# Columbian or Argentine?



## hunter4life (Oct 31, 2013)

So, I've heard lots of differences between these two and heard a lot of bad talk towards Columbian Tegus..I originally was going to get a Columbian but I've had people tell me to just buy an Argentine B/W Tegu or a Red Tegu, any opinons? Could really help me!


----------



## Bubblz Calhoun (Oct 31, 2013)

_Go with what you want since you have to take care of it. Also taking some time to browse through some of the threads in this section will answer your questions and then some. The search engine in the top right corner helps also._


----------



## KritterKeeper (Nov 1, 2013)

I went through the same debate before getting my columbian but honestly like bubblz said get what you want. Its really all about what you want to deal with i guess. There are pros and cons to both. I picked a columbian because they stay smaller, dont hibernate and dont need quite as huge of a cage as an argentine. That said they are smaller and way more flighty and take longer to 'tame' down than an argentine but i knew that ahead of time so my little crazy guy wasnt a surprise to me. With time and effort they can tame down roughly as much as an argentine. Look into both and decide what youre willing/able to handle and go from there...


----------



## Brettm (Dec 4, 2013)

hunter4life said:


> So, I've heard lots of differences between these two and heard a lot of bad talk towards Columbian Tegus..I originally was going to get a Columbian but I've had people tell me to just buy an Argentine B/W Tegu or a Red Tegu, any opinons? Could really help me!





hunter4life said:


> So, I've heard lots of differences between these two and heard a lot of bad talk towards Columbian Tegus..I originally was going to get a Columbian but I've had people tell me to just buy an Argentine B/W Tegu or a Red Tegu, any opinons? Could really help me!





hunter4life said:


> So, I've heard lots of differences between these two and heard a lot of bad talk towards Columbian Tegus..I originally was going to get a Columbian but I've had people tell me to just buy an Argentine B/W Tegu or a Red Tegu, any opinons? Could really help me!

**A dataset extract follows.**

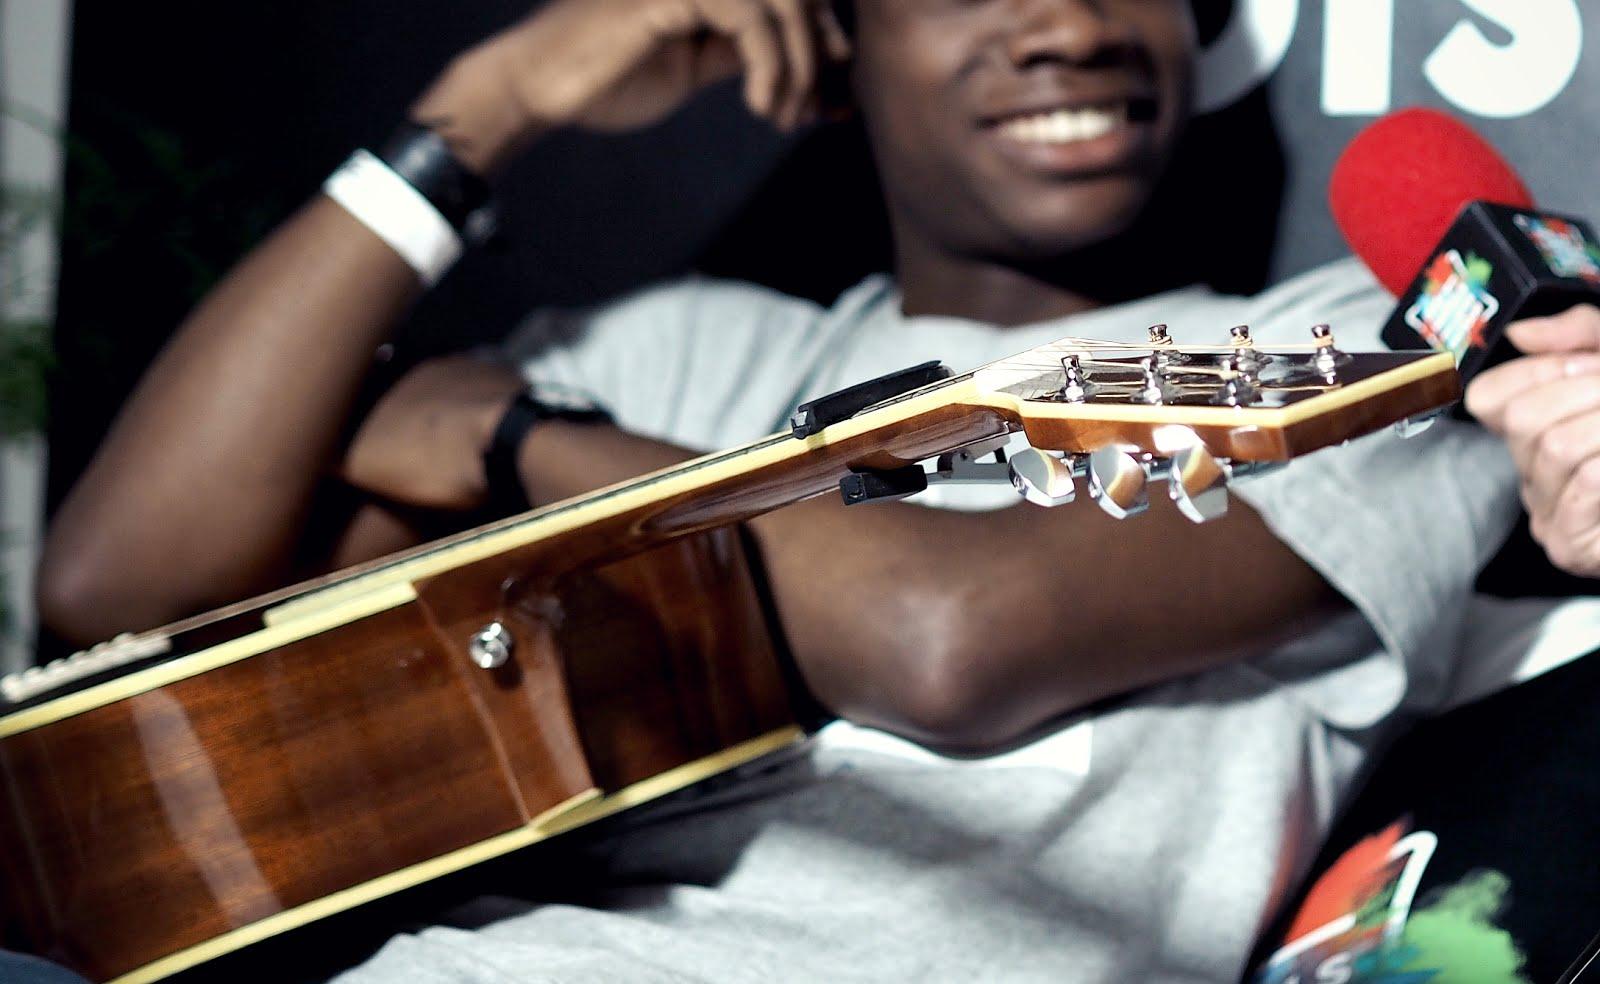 jay johnson guitar, ibis lates

Michigan here too(Grand Rapids). I picked up a columbian in October, she was around four months old when I got her and wasn't handled much. She has tamed down rather nicely I just make sure I work with her a little everyday . I put her on my bed with me while watch tv and pet her she seems to enjoy it. Haven't had any issues with her attempting to bite.


----------



## AssassinExotics (Dec 4, 2013)

Michigan a over here two haha, that's great your Columbian is taming down they get quite the bad rep from uneducated people they are quite awesome animals and with work can be better than some argentines


----------



## Brettm (Dec 4, 2013)

AssassinExotics said:


> Michigan a over here two haha, that's great your Columbian is taming down they get quite the bad rep from uneducated people they are quite awesome animals and with work can be better than some argentines


yea i heard so maney bad things about them that i thought there was something wrong with her beacause she has been so good lol. where in mi are you?


----------



## AssassinExotics (Dec 4, 2013)

Howell area


----------



## AssassinExotics (Dec 4, 2013)

But yeah I think columbians are pretty awesome I almost picked up a pair of dog tame adults at the Taylor show but I didn't have any money haha


----------



## Paleogirl (Jan 29, 2014)

I like both of them but I also have lots of experience with both species. Beginners would probably prefer Argentines since they are usually less work as far as taming goes. I'd say the biggest difference between the two though is that Argentine's usually get bigger and are generally more expensive but have prettier colours as adults. Colombians are also far less willing to eat fruit and veggies from what I've seen, but they aren't picky eaters when it comes to meat.


----------